Some aspects of optimum control in a simple distributed parameter system.
thesisposted on 19.11.2015, 08:58 by William Norman. Taberner
The Problem. The problem discussed in this thesis concerns optimal control of temperature within a finite slab of material, subject to external disturbances on one face, by applying control signals to the opposite face. Throughout the treatment is one-dimensional and the process (i.e. the slab) is assumed to be linear. introduction (Part 1). The problem is stated explicitly, and the general field of distributed-parameter control and the techniques used for solution of distributed-parameter optimal problems are reviewed. Standard Methods (Part2). The standard methods of solving "diffusion-type" problems in the time and frequency domains are described and typical solutions presented. Steady State Control in the Presence of Sinusoidal Disturbances (Part 3). Optimal control steady state solutions for the external control drive when the disturbances are sinusoidal are obtained by using the technique of slab sub-division.

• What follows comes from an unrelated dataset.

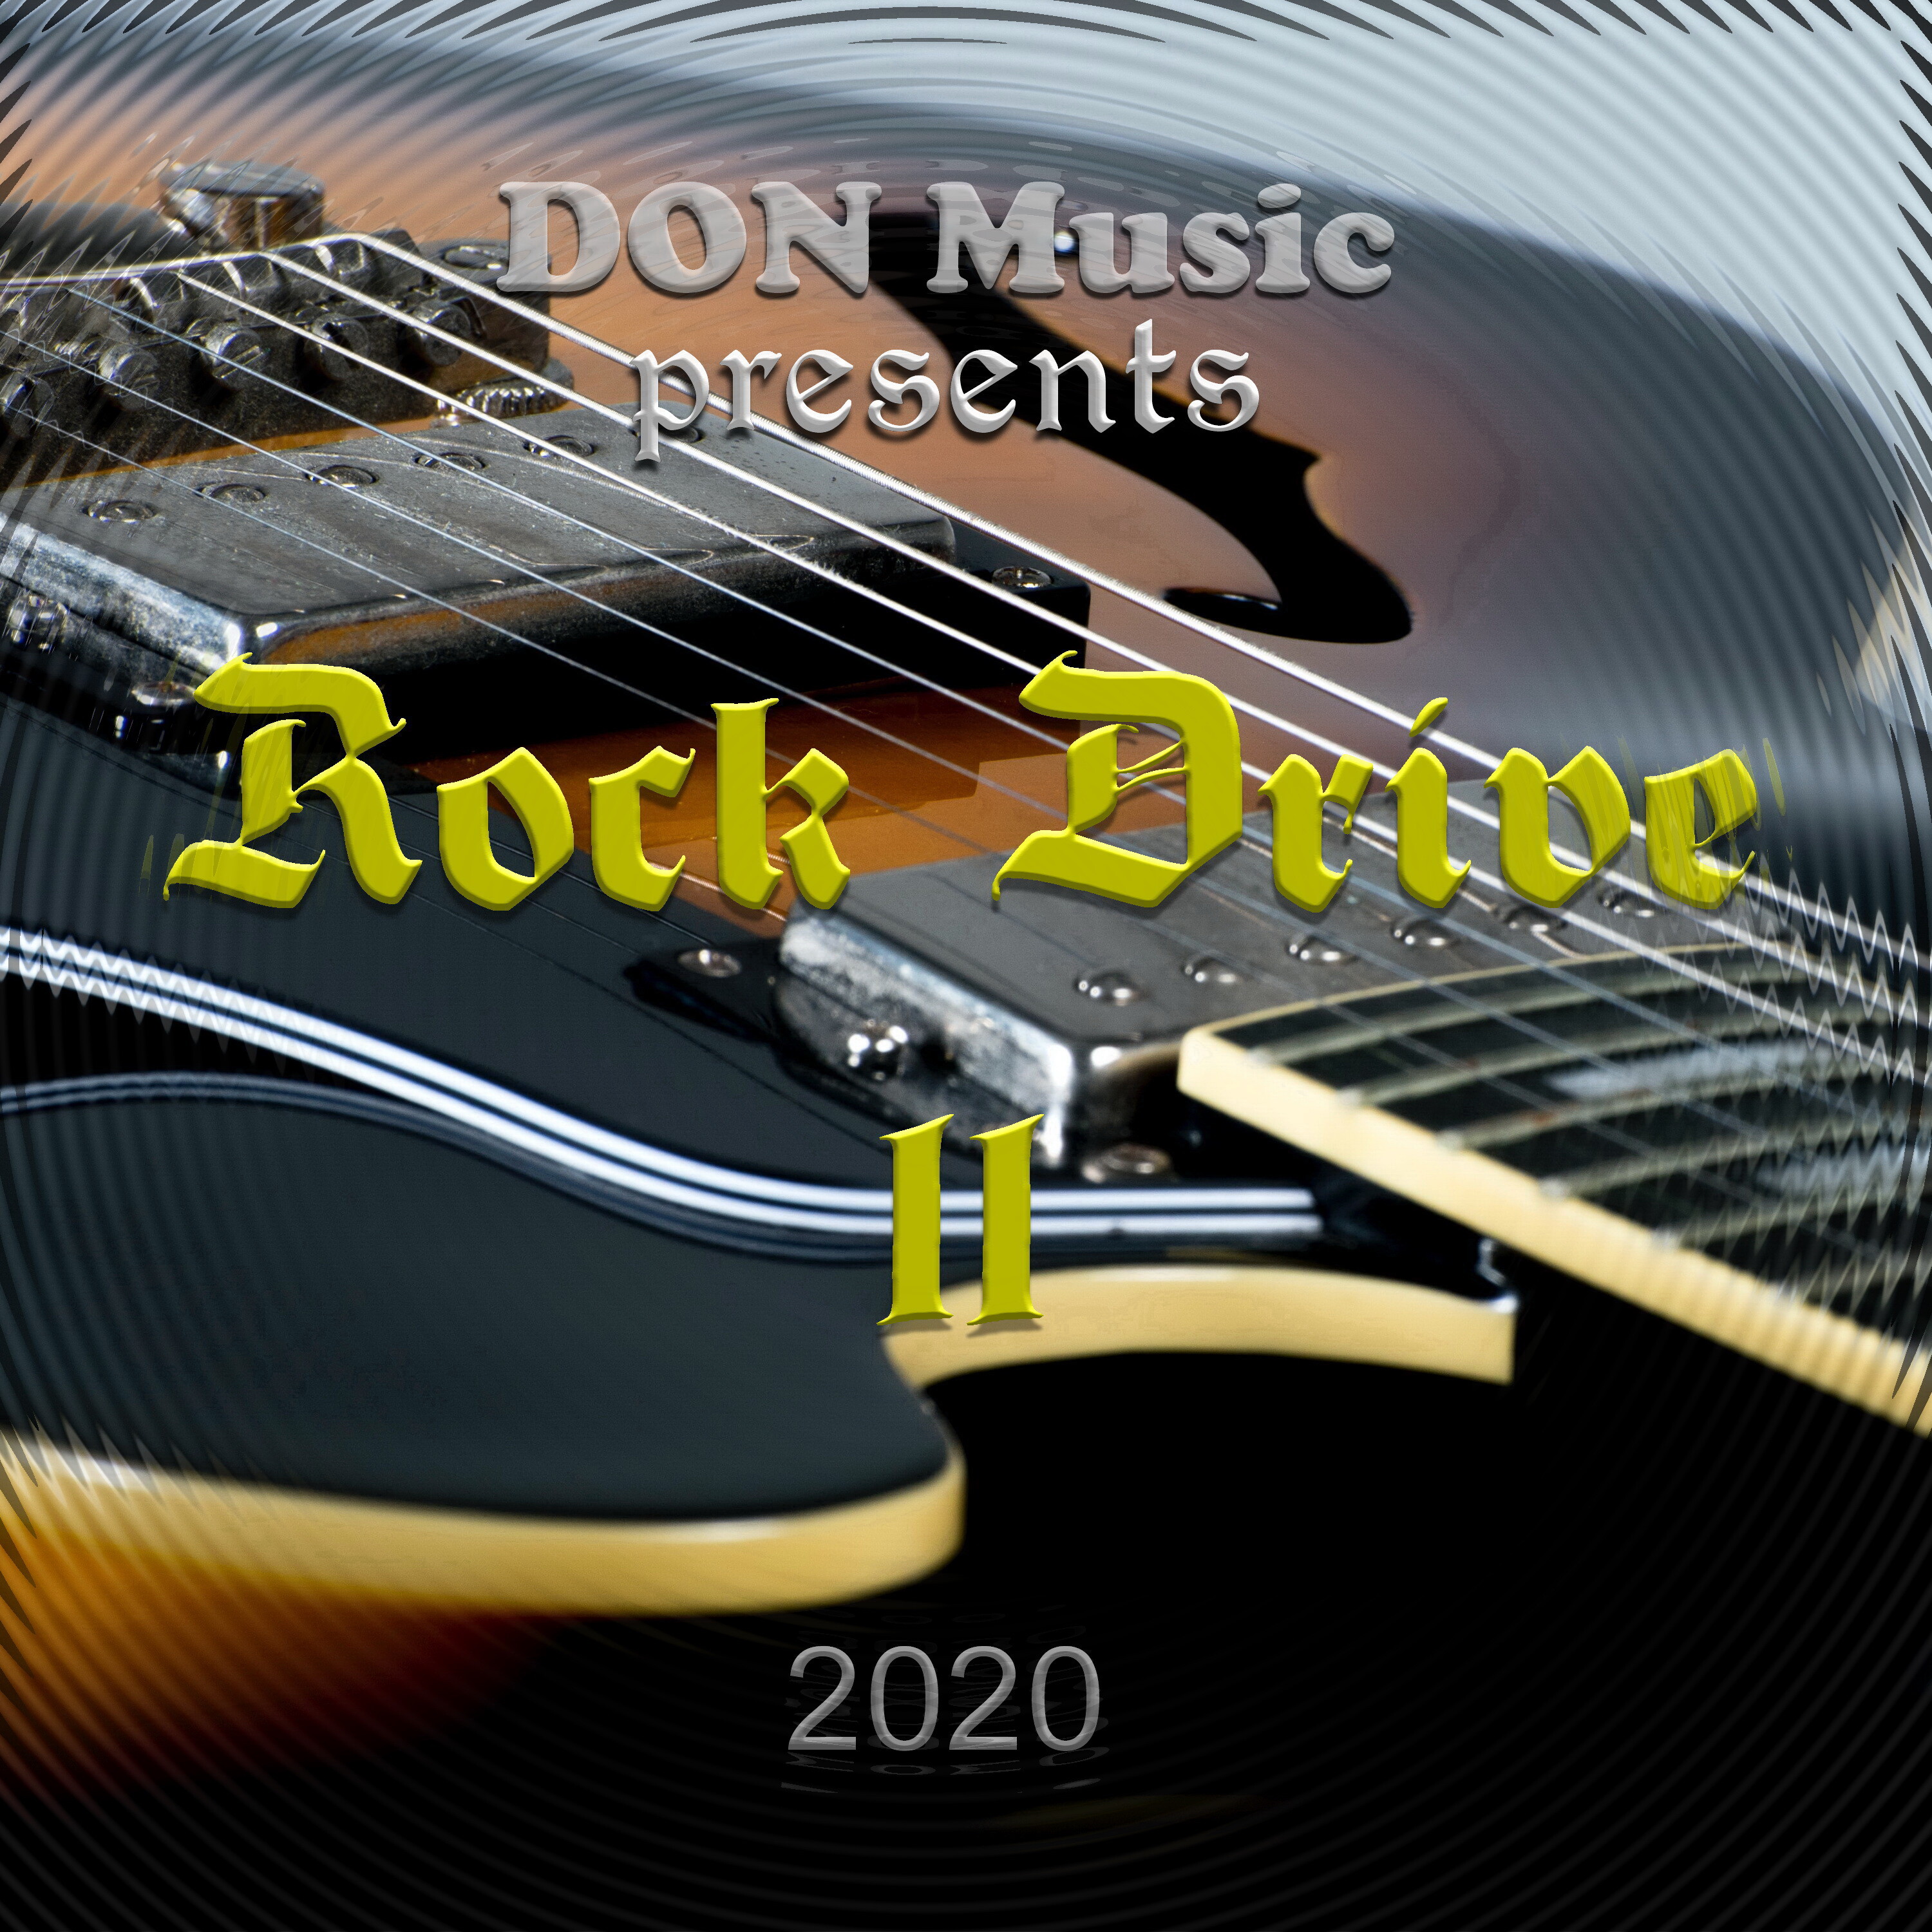 Музыка 2010 2020. Сборник песен 2010-2020. Дон Мьюзик. Instrumental Rock популярная мелодия. Blues Rock.

This reduces the problem to state variable form, and then Pontryagin's maximum principle is used on the set of first order "state variable" equations. Solutions are obtained analytically for a very simple approximation, and then analogue computer solutions of the state variable and adjoint equations for more elaborate sub-division of the slab are presented. These solutions are then synthesised into a general control equation. Finally a pure hill-climbing technique is used to generate an optimal solution. Steady State Control in the Presence of Random Disurbances (part 4). Optimal steady state solutions for the required external control drive when the disturbances are random are obtained using the technique of slab sub-division. The random disturbance treated is stationary band-limited Gaussian white noise. For a simple slab sub-division a Pontryagin analysis is used. For a more elaborate sub-division of the slab, digital computer solutions are sought via the Hamilton-Jacobi-Riccati method.